Larkin Van Horn recently asked on the QuiltArt list if anyone changed their medium for 6 mo to a year. And if we did , did we come back to fiber and why, or why not. There have been some wonderful introspective posts from other fiber artists about their personal journeys.
I was fortunate in school to be able to explore most of the mediums. I went to an inner city high school with the art studio rooms taking up nearly the entire basement floor of the school. We had huge kilns for clay, small kilns for jewelry, model spaces and easels for drawing , stained glass equipment, rug making and hooking module, free form sculpture, jewelry tools and equipment as well as watercolor and oil painting. I had an instructor who was passionate about our learning about each area of art so we could decide what we were passionate about. I didn’t get as good an education at the college level so here is my hats off to Ms. Bleaks and the old Stephen Decatur High School.

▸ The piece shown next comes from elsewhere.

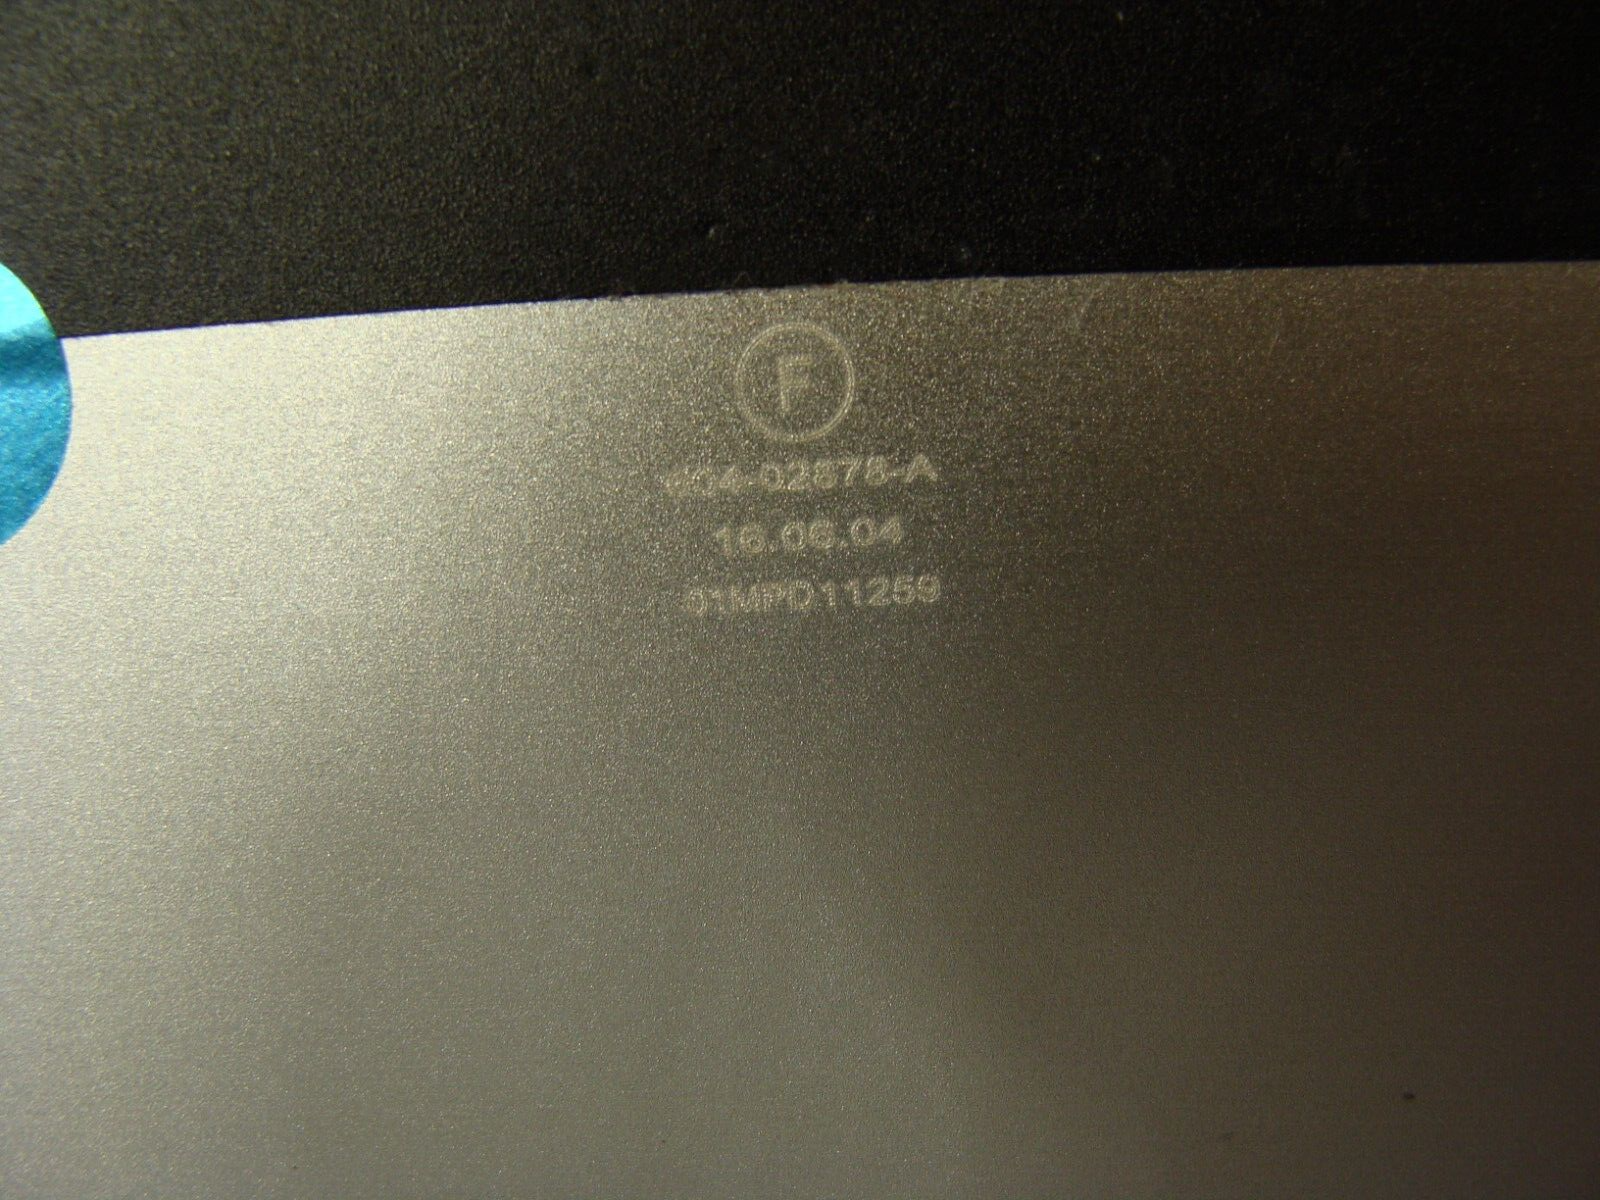 MacBook Pro A1502 2015 13

I can say I loved it all but I learned early I did not like getting my hands dirty. That left out all sculpture and clay, as well as most jewelry making since I couldn’t stand the rosin and polishing gunk on my hands. I loved the rug making and all the drawing and painting classes.
I am drawn to serendipitous results of paint and being able to manipulate it to form the composition in my head. I like the immediacy of it. Then an unknown event happened and I started working in fiber. I think it was the challenge to see if I could do it by myself. I am self taught in traditional quilting and won some prestigious awards. But I hate following patterns or someone else’s ideas. I rarely made a trad quilt without my own personal twist. When I saw my first copy of Quilting Arts Magazine. I knew in an instant that this was where my heart would lie.
I spent a couple of years recently exploring weaving again. I wanted to create in another form of fiber. It wasn’t ever an attempt to stop working in art quilts but an adjunct. It was way too physically demanding and I sold the largest loom. I still have small looms and my precious stash of luscious yarns gets used for crochet ..again, I can’t follow patterns. I love that I can dye the yarns along with my fabric and the results are just as serendipitous.
It has been a journey that I can happily say is still active. As the years have passed by, my fiber art has morphed. There is a definite progression from what it was to what it is now. My fiber is starting to take on more painterly aspects and I can see ME in both paint and fiber. I choose which medium works for what I want to do or I combine the two of them. Below are 2 of my floral pieces [although I am doing more abstract work now] that I think show you the connection. The quilt on the left is an unfinished shot, though it is finished now . I use quilting and thread to blur the edges of applique to look more like paint strokes. The painting on the right is a large acrylic piece. Can you tell I like hot colors?